WHAT THE TASK REQUIRES >> Retype every entry exactly, down to the last character.
————————
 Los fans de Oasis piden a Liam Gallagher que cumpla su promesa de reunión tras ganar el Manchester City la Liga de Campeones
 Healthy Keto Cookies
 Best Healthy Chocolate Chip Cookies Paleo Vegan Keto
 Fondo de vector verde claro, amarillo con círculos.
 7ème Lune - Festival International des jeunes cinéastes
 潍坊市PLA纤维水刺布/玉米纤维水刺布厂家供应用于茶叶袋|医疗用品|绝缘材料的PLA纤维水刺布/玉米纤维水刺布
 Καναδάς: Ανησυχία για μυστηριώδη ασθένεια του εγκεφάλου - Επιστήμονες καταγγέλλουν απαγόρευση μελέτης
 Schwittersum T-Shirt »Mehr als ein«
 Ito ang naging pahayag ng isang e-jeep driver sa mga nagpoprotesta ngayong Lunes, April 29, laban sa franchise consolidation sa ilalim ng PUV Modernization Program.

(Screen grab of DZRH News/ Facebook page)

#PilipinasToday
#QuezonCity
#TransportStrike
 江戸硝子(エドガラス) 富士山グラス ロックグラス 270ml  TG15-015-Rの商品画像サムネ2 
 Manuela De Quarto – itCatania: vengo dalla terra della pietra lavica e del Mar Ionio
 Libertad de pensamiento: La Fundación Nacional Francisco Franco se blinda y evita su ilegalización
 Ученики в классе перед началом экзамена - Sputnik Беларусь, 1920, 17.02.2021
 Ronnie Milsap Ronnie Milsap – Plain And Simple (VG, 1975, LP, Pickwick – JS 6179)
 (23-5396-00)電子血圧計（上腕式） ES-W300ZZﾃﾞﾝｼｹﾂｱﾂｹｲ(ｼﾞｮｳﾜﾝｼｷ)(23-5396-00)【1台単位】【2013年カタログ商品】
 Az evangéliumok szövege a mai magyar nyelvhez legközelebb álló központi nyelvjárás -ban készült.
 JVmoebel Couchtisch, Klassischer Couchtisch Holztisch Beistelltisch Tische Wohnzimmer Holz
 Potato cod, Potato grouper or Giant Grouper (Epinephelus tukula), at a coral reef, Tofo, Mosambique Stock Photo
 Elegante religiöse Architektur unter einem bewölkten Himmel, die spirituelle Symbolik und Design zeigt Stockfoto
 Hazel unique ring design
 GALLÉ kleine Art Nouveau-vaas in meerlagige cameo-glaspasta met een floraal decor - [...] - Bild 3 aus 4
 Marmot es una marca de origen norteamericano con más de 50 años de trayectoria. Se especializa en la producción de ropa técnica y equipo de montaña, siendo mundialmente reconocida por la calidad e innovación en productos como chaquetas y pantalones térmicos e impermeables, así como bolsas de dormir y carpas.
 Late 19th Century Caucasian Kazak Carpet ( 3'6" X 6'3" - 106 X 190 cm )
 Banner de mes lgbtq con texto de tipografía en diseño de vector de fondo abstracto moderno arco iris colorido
————————
WRITTEN REPLY >>
 Los fans de Oasis piden a Liam Gallagher que cumpla su promesa de reunión tras ganar el Manchester City la Liga de Campeones
 Healthy Keto Cookies
 Best Healthy Chocolate Chip Cookies Paleo Vegan Keto
 Fondo de vector verde claro, amarillo con círculos.
 7ème Lune - Festival International des jeunes cinéastes
 潍坊市PLA纤维水刺布/玉米纤维水刺布厂家供应用于茶叶袋|医疗用品|绝缘材料的PLA纤维水刺布/玉米纤维水刺布
 Καναδάς: Ανησυχία για μυστηριώδη ασθένεια του εγκεφάλου - Επιστήμονες καταγγέλλουν απαγόρευση μελέτης
 Schwittersum T-Shirt »Mehr als ein«
 Ito ang naging pahayag ng isang e-jeep driver sa mga nagpoprotesta ngayong Lunes, April 29, laban sa franchise consolidation sa ilalim ng PUV Modernization Program.

(Screen grab of DZRH News/ Facebook page)

#PilipinasToday
#QuezonCity
#TransportStrike
 江戸硝子(エドガラス) 富士山グラス ロックグラス 270ml  TG15-015-Rの商品画像サムネ2 
 Manuela De Quarto – itCatania: vengo dalla terra della pietra lavica e del Mar Ionio
 Libertad de pensamiento: La Fundación Nacional Francisco Franco se blinda y evita su ilegalización
 Ученики в классе перед началом экзамена - Sputnik Беларусь, 1920, 17.02.2021
 Ronnie Milsap Ronnie Milsap – Plain And Simple (VG, 1975, LP, Pickwick – JS 6179)
 (23-5396-00)電子血圧計（上腕式） ES-W300ZZﾃﾞﾝｼｹﾂｱﾂｹｲ(ｼﾞｮｳﾜﾝｼｷ)(23-5396-00)【1台単位】【2013年カタログ商品】
 Az evangéliumok szövege a mai magyar nyelvhez legközelebb álló központi nyelvjárás -ban készült.
 JVmoebel Couchtisch, Klassischer Couchtisch Holztisch Beistelltisch Tische Wohnzimmer Holz
 Potato cod, Potato grouper or Giant Grouper (Epinephelus tukula), at a coral reef, Tofo, Mosambique Stock Photo
 Elegante religiöse Architektur unter einem bewölkten Himmel, die spirituelle Symbolik und Design zeigt Stockfoto
 Hazel unique ring design
 GALLÉ kleine Art Nouveau-vaas in meerlagige cameo-glaspasta met een floraal decor - [...] - Bild 3 aus 4
 Marmot es una marca de origen norteamericano con más de 50 años de trayectoria. Se especializa en la producción de ropa técnica y equipo de montaña, siendo mundialmente reconocida por la calidad e innovación en productos como chaquetas y pantalones térmicos e impermeables, así como bolsas de dormir y carpas.
 Late 19th Century Caucasian Kazak Carpet ( 3'6" X 6'3" - 106 X 190 cm )
 Banner de mes lgbtq con texto de tipografía en diseño de vector de fondo abstracto moderno arco iris colorido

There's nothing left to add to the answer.